Red Sky at Noon by Simon Sebag Montefiore review – love in dark times

Simon Sebag Montefiore: a meticulously researched story set in Stalingrad in the summer of 1942
Simon Sebag Montefiore: a powerful story set in Stalingrad in the summer of 1942. Photograph by Jasjeet Plaha/Getty

“My name is Nothing, my surname is Nobody” – this saying of Gulag prisoners is an epigraph to the meticulously researched third novel in the author’s Moscow trilogy. Here, given not only a name but a powerful personality, is Benya Golden, imprisoned in the Gulags but innocent. Set in Stalingrad in the sweltering summer of 1942, the gripping story traces Benya’s journey as he joins a penal battalion to fight the Nazis and undertakes a perilous Russian cavalry mission. In this searing tale of love and war, most moving is the redemptive relationship between a soldier and a nurse that blooms amid the brutality.

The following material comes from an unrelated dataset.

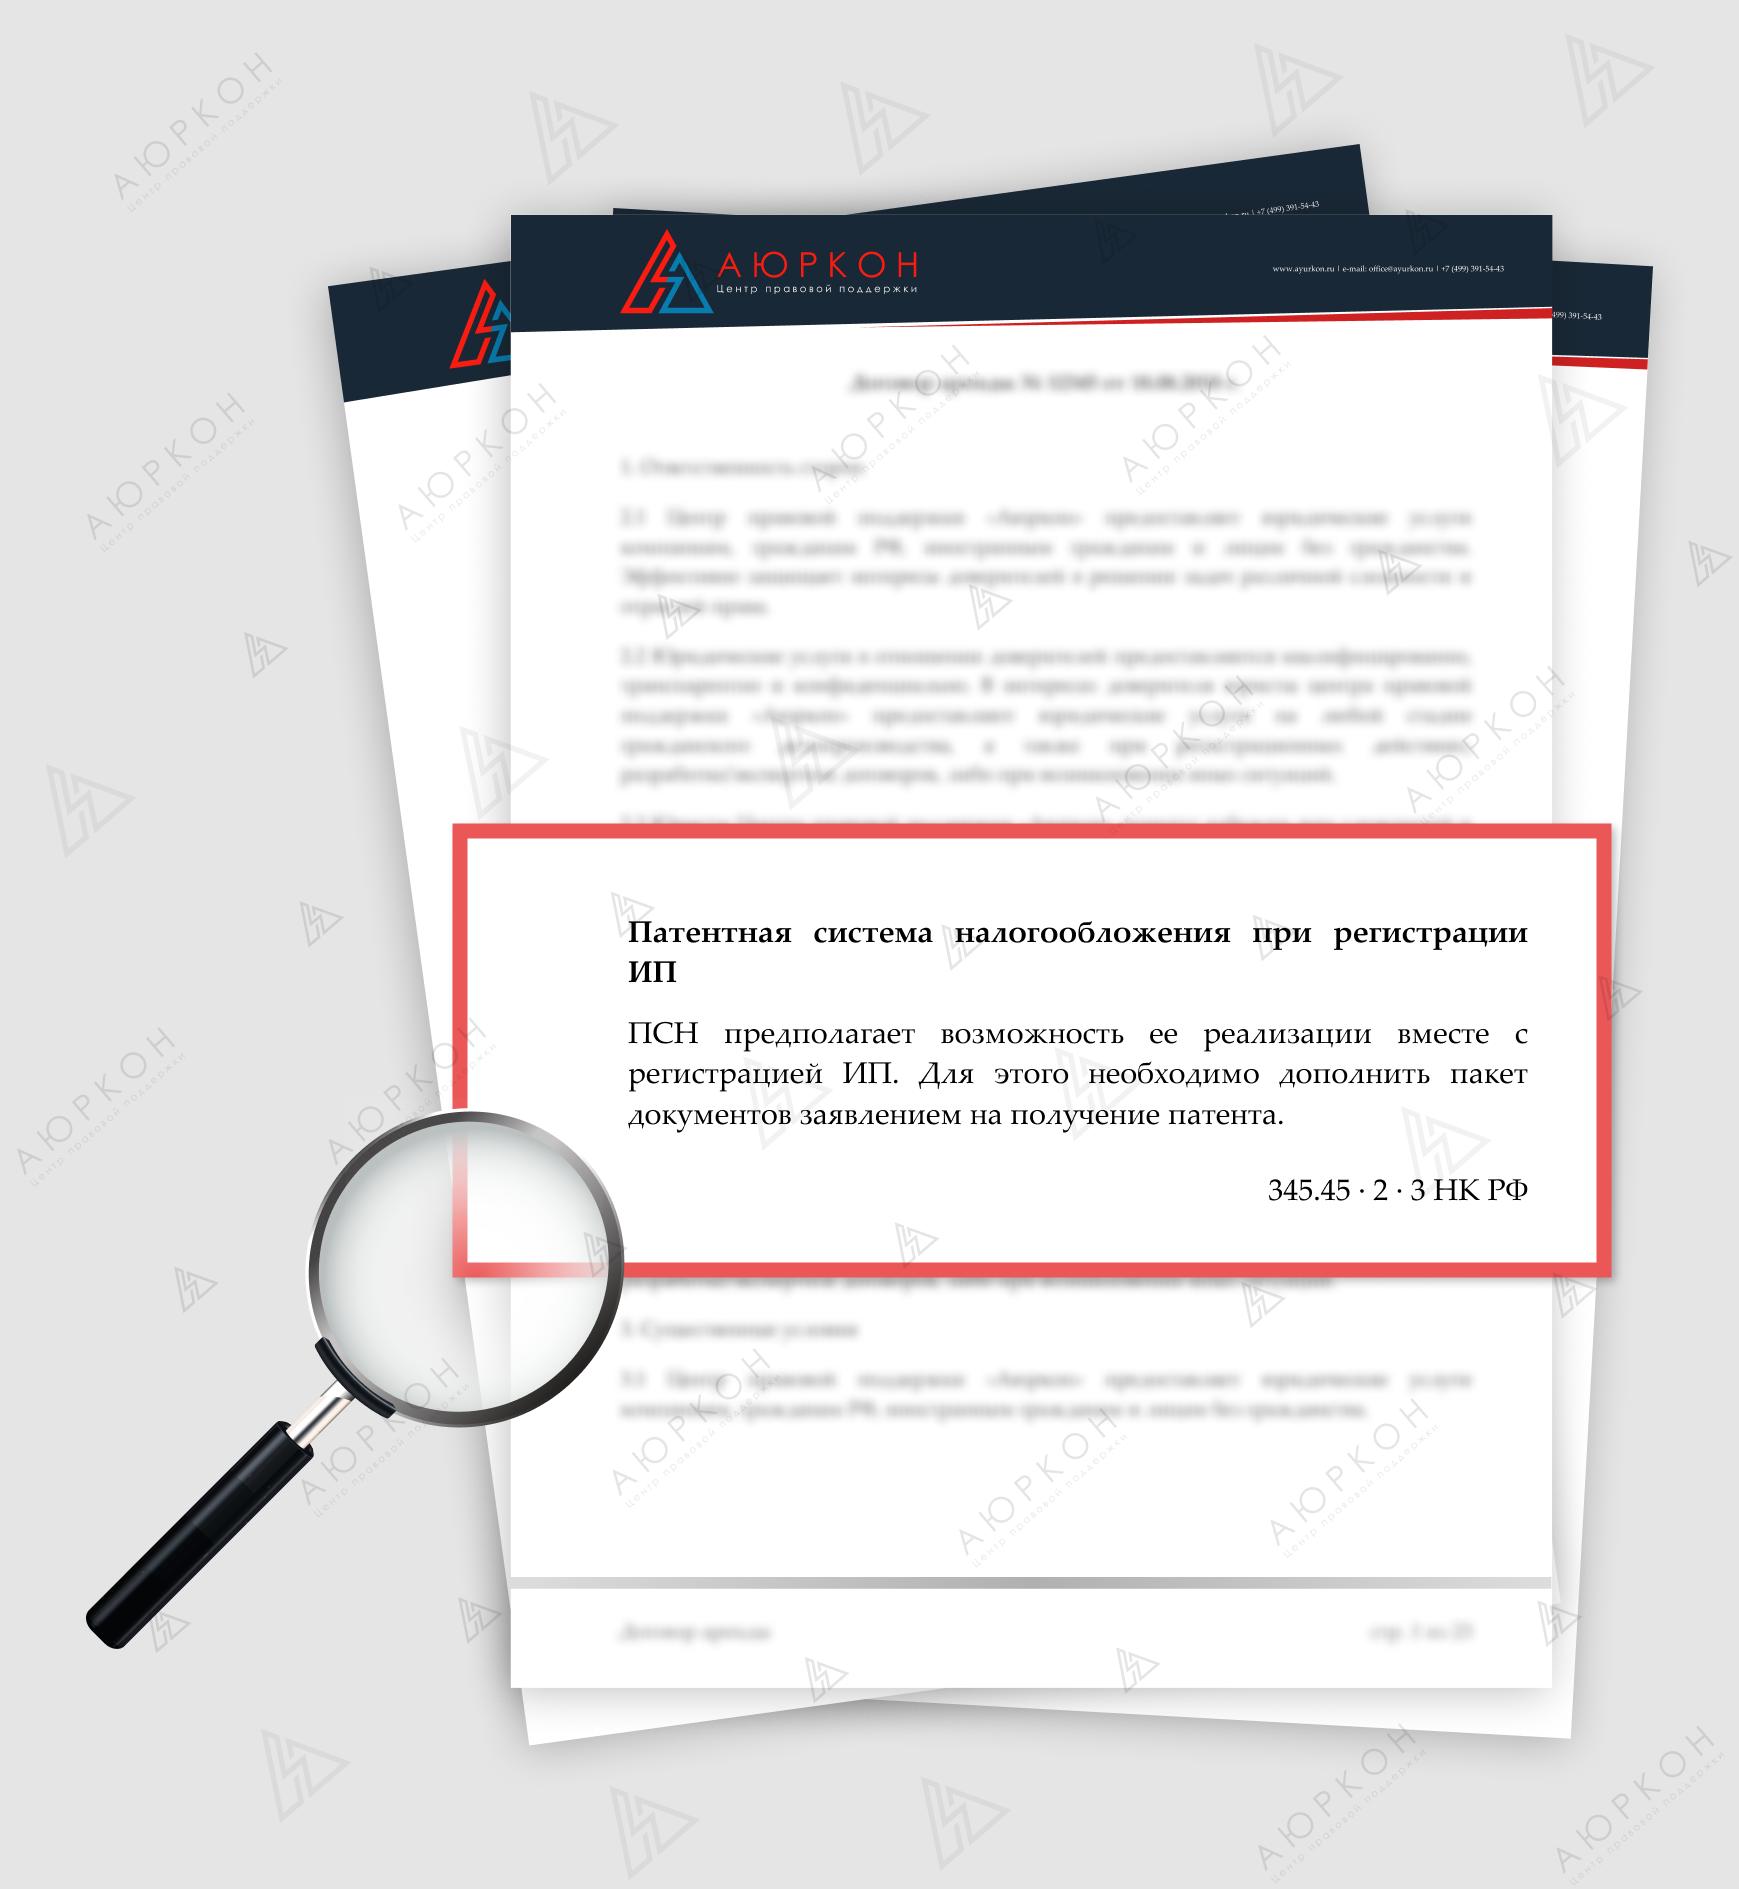 воронеж регистрация ип документы

The novel is a homage to the author’s favourite Russian writers and – in its vivid depiction of “horsemen riding across sunbaked grasslands in times of unrelenting cruelty” – the western masterpieces of Larry McMurtry, Cormac McCarthy and Elmore Leonard. Such influences pervade this atmospheric tale, told in the author’s distinct own voice.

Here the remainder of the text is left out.